Antonio Muñoz Molina

Parecía que el pasado no le interesaba a nadie, y ahora resulta que uno de los mayores simulacros de escándalo político del presente tiene como motivo el estudio del pasado más o menos lejano. Parte del éxito de la transición se cimentó sobre el olvido mutuo y la suspensión del pasado, o sobre la renuncia a utilizarlo políticamente, para ser más exactos. En los años ochenta, el apresurado catecismo socialista de la modernidad agregaba un nuevo matiz a la abolición del pasado y de su memoria, y no sólo en el ámbito de la política: los ochenta fueron un tiempo en que moda y modernidad se volvieron sinónimos, y en el que casi todas las artes se rindieron al fetichismo de la juventud y de un presente cada vez más estrecho.Los intelectuales, la gente que escribe libros y opina en los periódicos, no suelen interesarse mucho por lo que ocurre en las escuelas. Si lo hubieran hecho, habrían observado a lo largo de esa década que las tentativas de abolición política y estética del pasado se correspondían con el lento descrédito escolar de los saberes de la memoria, es decir, las Humanidades. Año tras año, hasta llegar a su culminación en la célebre LOGSE, la enseñanza de la Historia (y también de la Geografía) fue perdiendo relevancia en los planes de estudio, las dos se fueron volviendo conceptualmente borrosas en una asignatura llamada de Ciencias Sociales, según una moda internacional que a nosotros ya llegaba convertida en anacronismo: circulaba ya la especie, difundida por la secta poderosa de los pedagogos, de que todo aprendizaje debía prescindir de la memoria y basarse en la experiencia directa. En pedagogía, esa ciencia de éxito sólo comparable al de la ufología y la astrología, el adjetivo "memorístico" se volvió tan insultante como "costumbrista" en literatura. Cabe preguntarse si hay alguna experiencia posible de la mente humana que no esté hecha de memoria, desde el acto de respirar al de subir o bajar una escalera, pero por ahora prefiero no detenerme en ese extremo. Tan sólo quiero apuntar que en los principios pedagógicos triunfantes en las últimas décadas está implícita la negación de los saberes históricos y geográficos. Casi nadie puede adquirir, por experiencia directa, el conocimiento del Neolítico o de las fuentes del Nilo, por poner dos ejemplos: la Geografía y la Historia son rigurosamente incompatibles con los doctrinarismos pedagógicos de la moda.
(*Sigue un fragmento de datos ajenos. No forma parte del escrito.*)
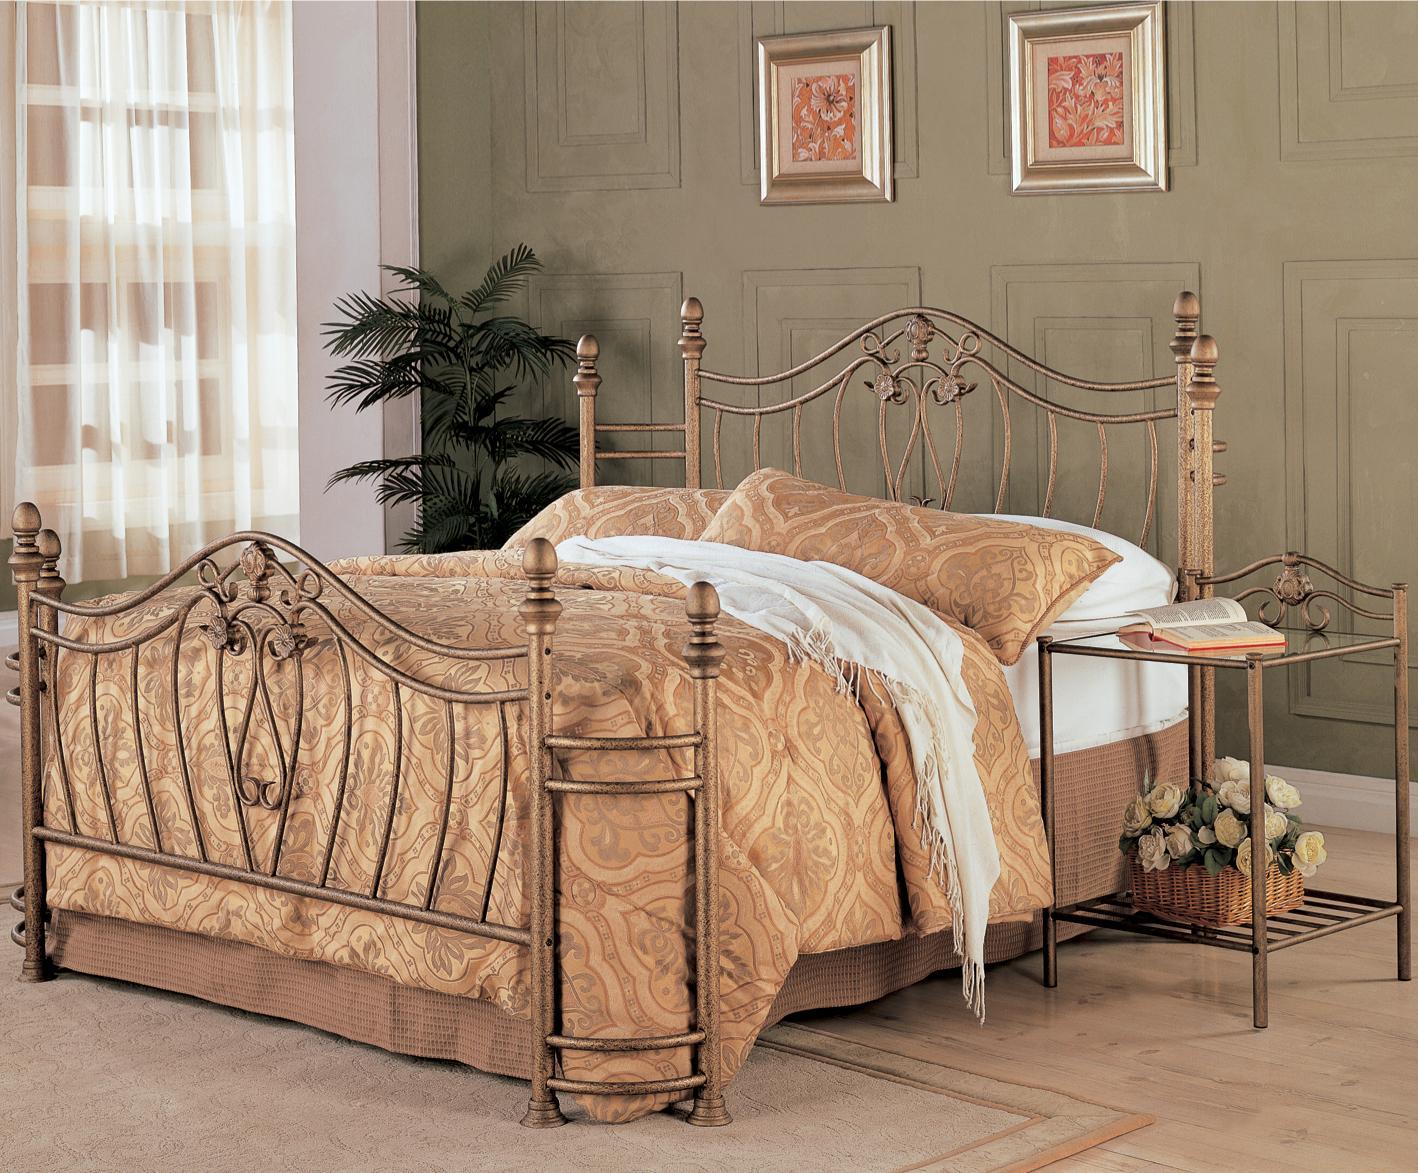 Metal Bedroom Furniture Wood And Metal Bedroom Furniture

Ni el pasado ni el mundo exterior tienen mucho sitio en la escuela.

A ese azote internacional de la pedagogía se unen otros dos factores que me parecen muy relevantes. El primero de ellos es la negación postmoderna de cualquier posibilidad de conocimiento objetivo, y la idea correlativa de que todos los discursos son más o menos equivalentes, ya que ninguno de ellos puede ser juzgado según un criterio de confrontación con la realidad. Según ese principio, no ya la Historia, sino incluso la Física, son construcciones arbitrarias que responden a intereses de poder, a opciones de raza, de sexo o de orientación sexual. Pondré un ejemplo aleccionador, aunque también alucinante: para algunas teóricas del feminismo radical, la descripción clásica del modo en que los espermatozoides se aproximan al óvulo no es el relato de un hecho biológico objetivo, sino una apología machista de la violación en grupo. Hay una Historia para hombres y otra para mujeres, del mismo modo que la hay para los negros, a los que se tiende a impartir en las escuelas la doctrina del afrocentrismo, que enseña, entre otras cosas, que los egipcios eran negros, y que la filosofía griega, y por tanto la cultura occidental, no son sino el producto del saqueo de unas sabidurías ancestrales que la raza blanca ha usado después para sojuzgar y humillar a los africanos.

Esa música, en apariencia tan lejana, ya le estará sonando a alguien: una cultura inocente y ancestral, una raza pura y bondadosa, unos dominadores pérfidos, y, por supuesto, extranjeros... El segundo factor al que me refería más arriba en la denigración general de la Historia es la fiebre regionalista o nacionalista que se extendió entre nosotros desde principios de los años setenta, y que culminó en la colosal chapuza del llamado Estado de las autonomías. Me importa mucho ser muy preciso en este punto: creo que es imprescindible distinguir entre la evidencia política y el disparate, es decir, entre la necesidad que había, al restaurar la democracia, de restaurar también los estatutos de Cataluña, el País Vasco y Galicia, y la apresurada proliferación de estatutos y nacionalidades a la que se ha dedicado tan jovialmente y tan costosamente la clase política en los últimos veinte años. Tampoco sería ocioso recordar que las ideologías nacionalistas son legítimas, pero que no tienen por qué ser obligatorias, ni ser la representación privilegiada y hegemónica de los intereses o de la personalidad de un territorio. Sin embargo, no hay fuerza política que no aspire a ser al menos tan nacionalista como los nacionalistas, lo cual crea un estado de confusión permanente y difunde la creencia de que no hay vida política fuera del nacionalismo más cerradamente identitario. Ningún partido político de los que ahora se llaman "de ámbito estatal" renuncia a buscar votos, titulares o clientes apelando a los agravios comparativos. Si Jordi Pujol entiende que cualquier ataque a su persona o a su política es un atentado contra Cataluña, no le andan muy lejos en sus respectivas demagogias los presidentes socialistas de Extremadura o de Andalucía. El Partido Popular no tiene el menor escrúpulo en explotar el peligroso filón del anticatalanismo valenciano. En cuanto a Izquierda Unida, parece arrebatada por una fiebre incontenible de autodeterminaciones y radicalismos vernáculos, que lo mismo le lleva a aliarse con Herri Batasuna en Euskadi que a vindicar las gallinejas o las corridas goyescas como señas de identidad cultural de Madrid.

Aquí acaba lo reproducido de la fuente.